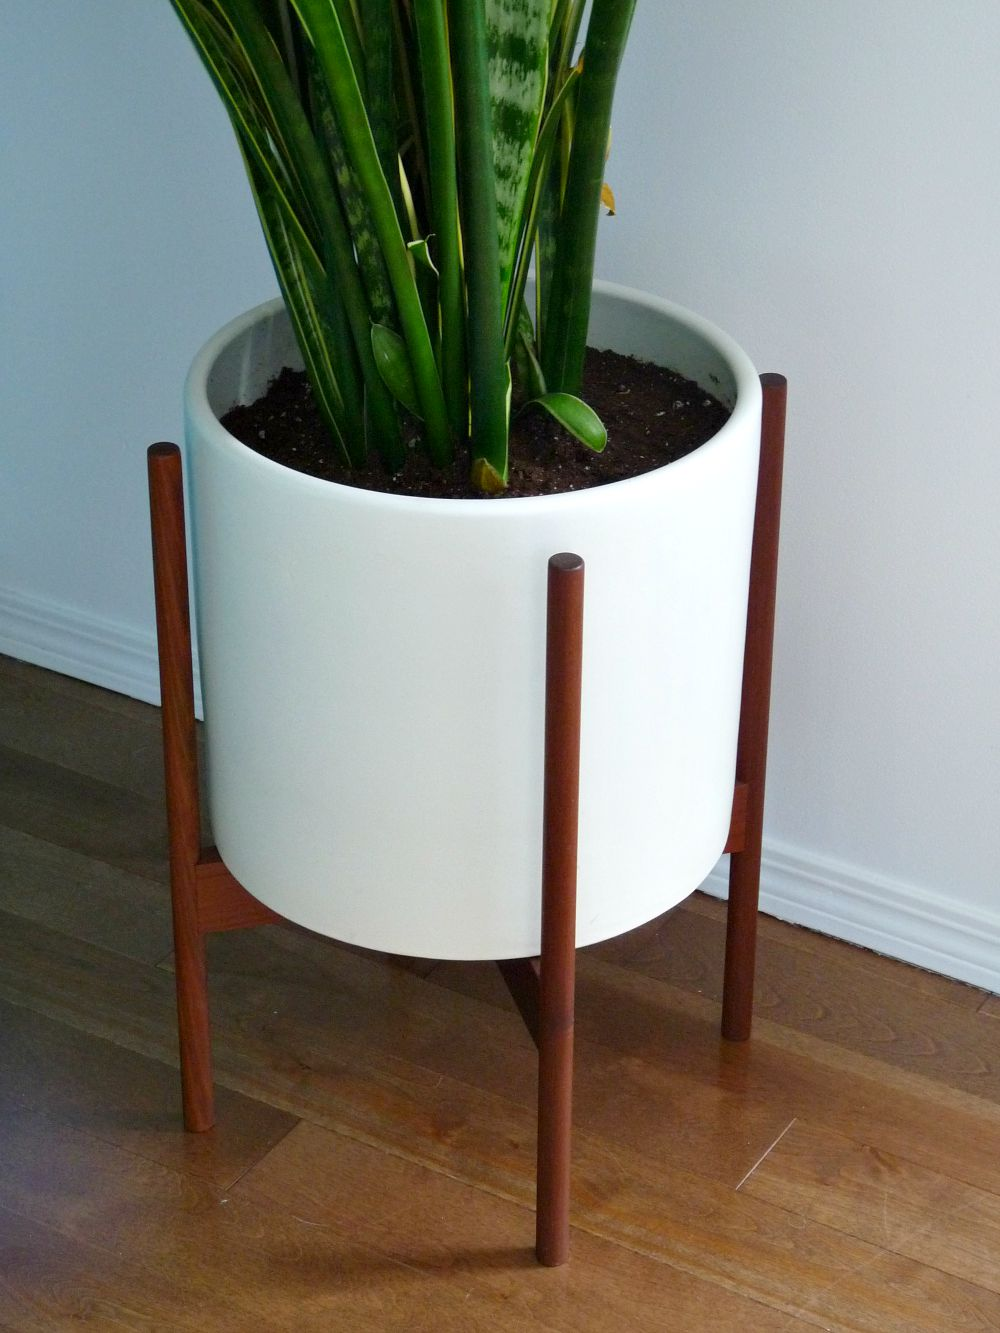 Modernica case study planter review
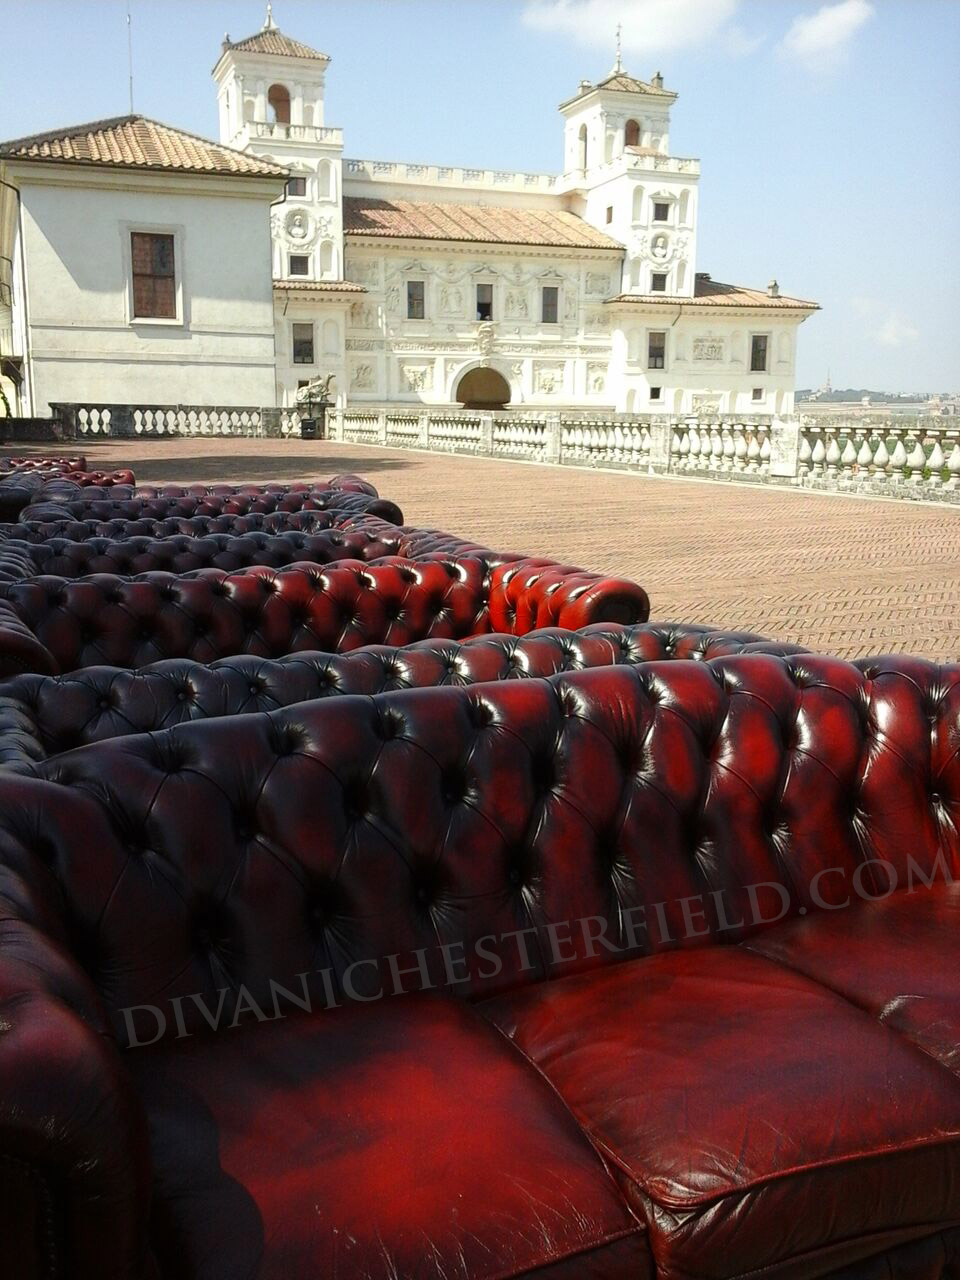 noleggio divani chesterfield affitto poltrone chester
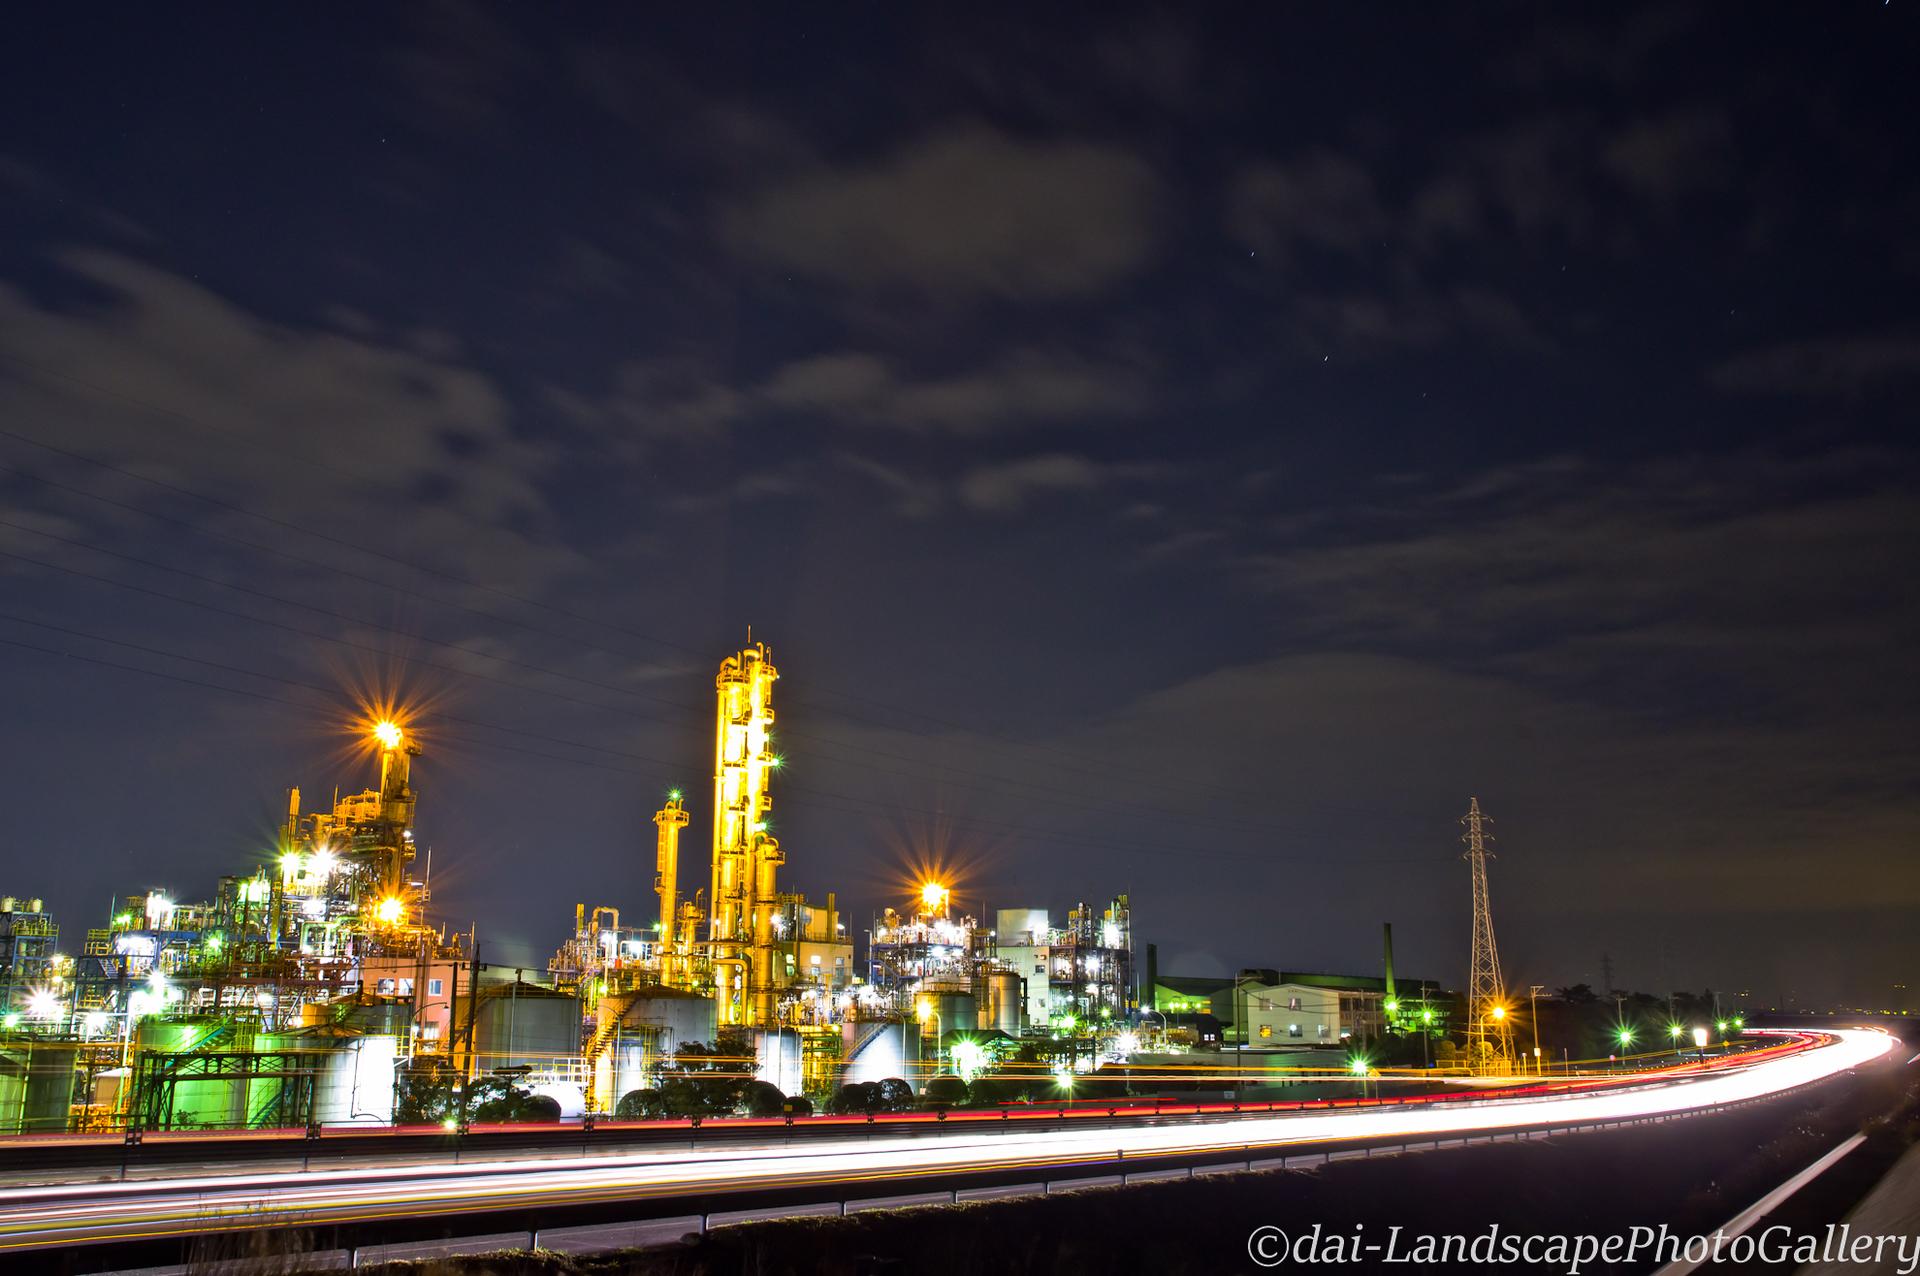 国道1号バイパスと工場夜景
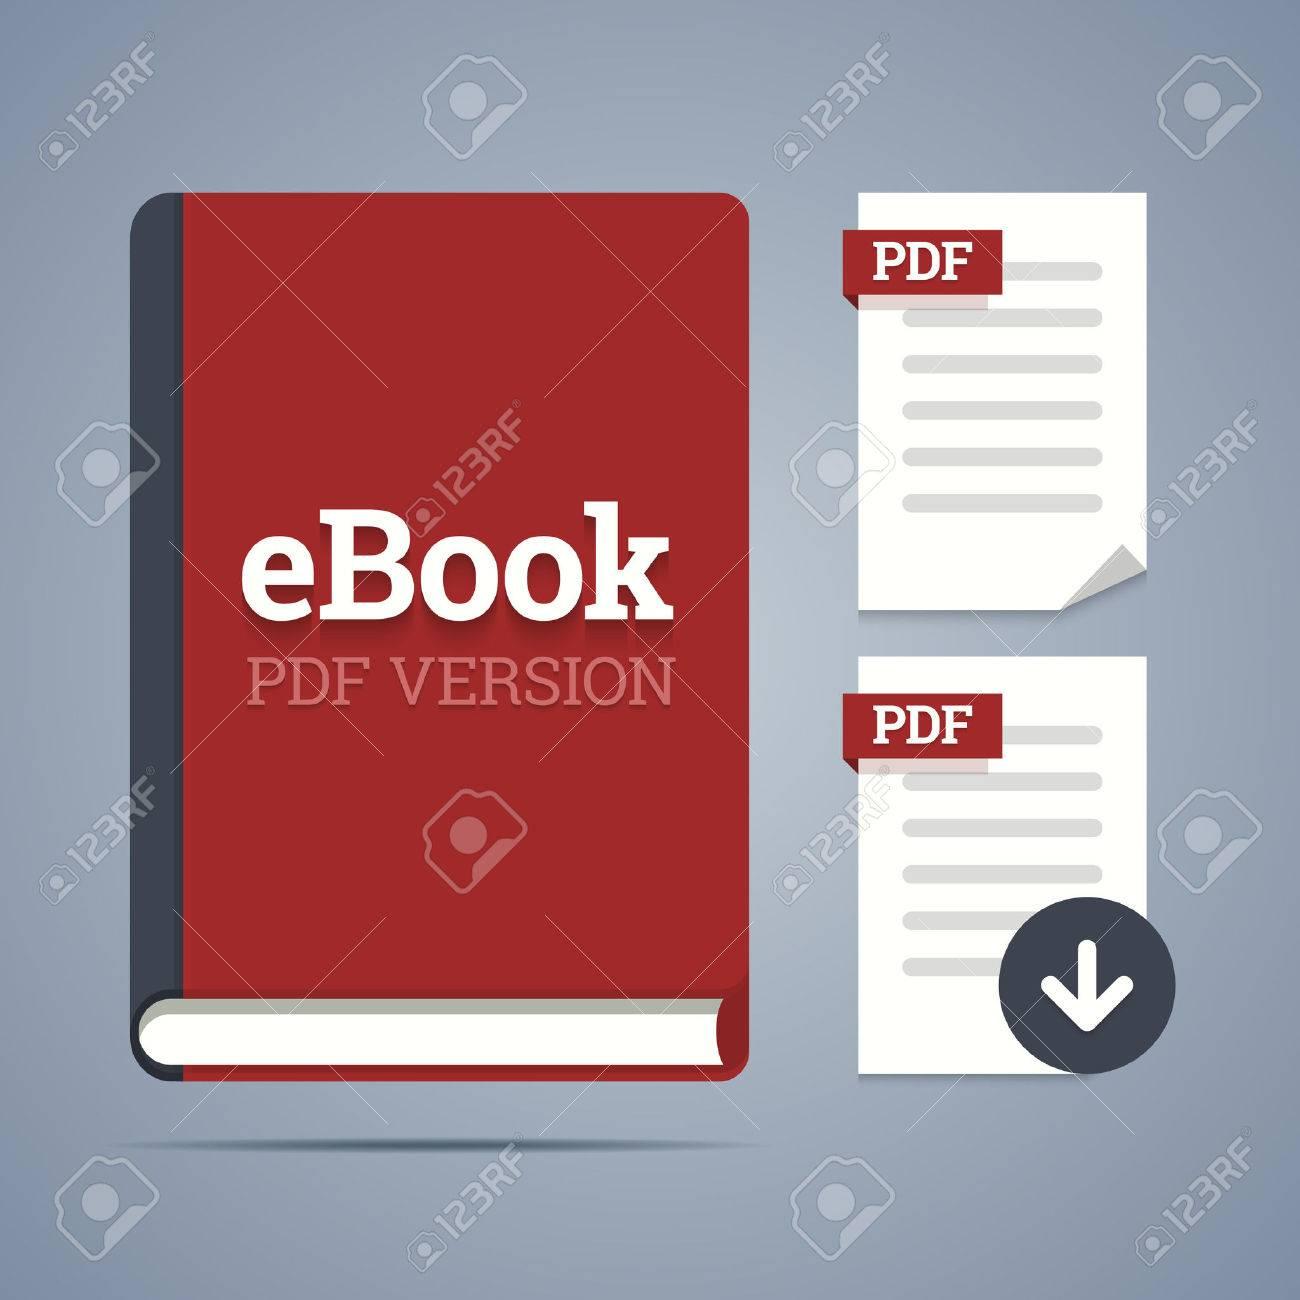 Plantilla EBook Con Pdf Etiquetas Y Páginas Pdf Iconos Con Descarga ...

● Directions for this task: The answer should hold every line of the listing, copied exactly, with no pictures.

● Solved problem:
 Modernica case study planter review
 noleggio divani chesterfield affitto poltrone chester
 国道1号バイパスと工場夜景
 Plantilla EBook Con Pdf Etiquetas Y Páginas Pdf Iconos Con Descarga ...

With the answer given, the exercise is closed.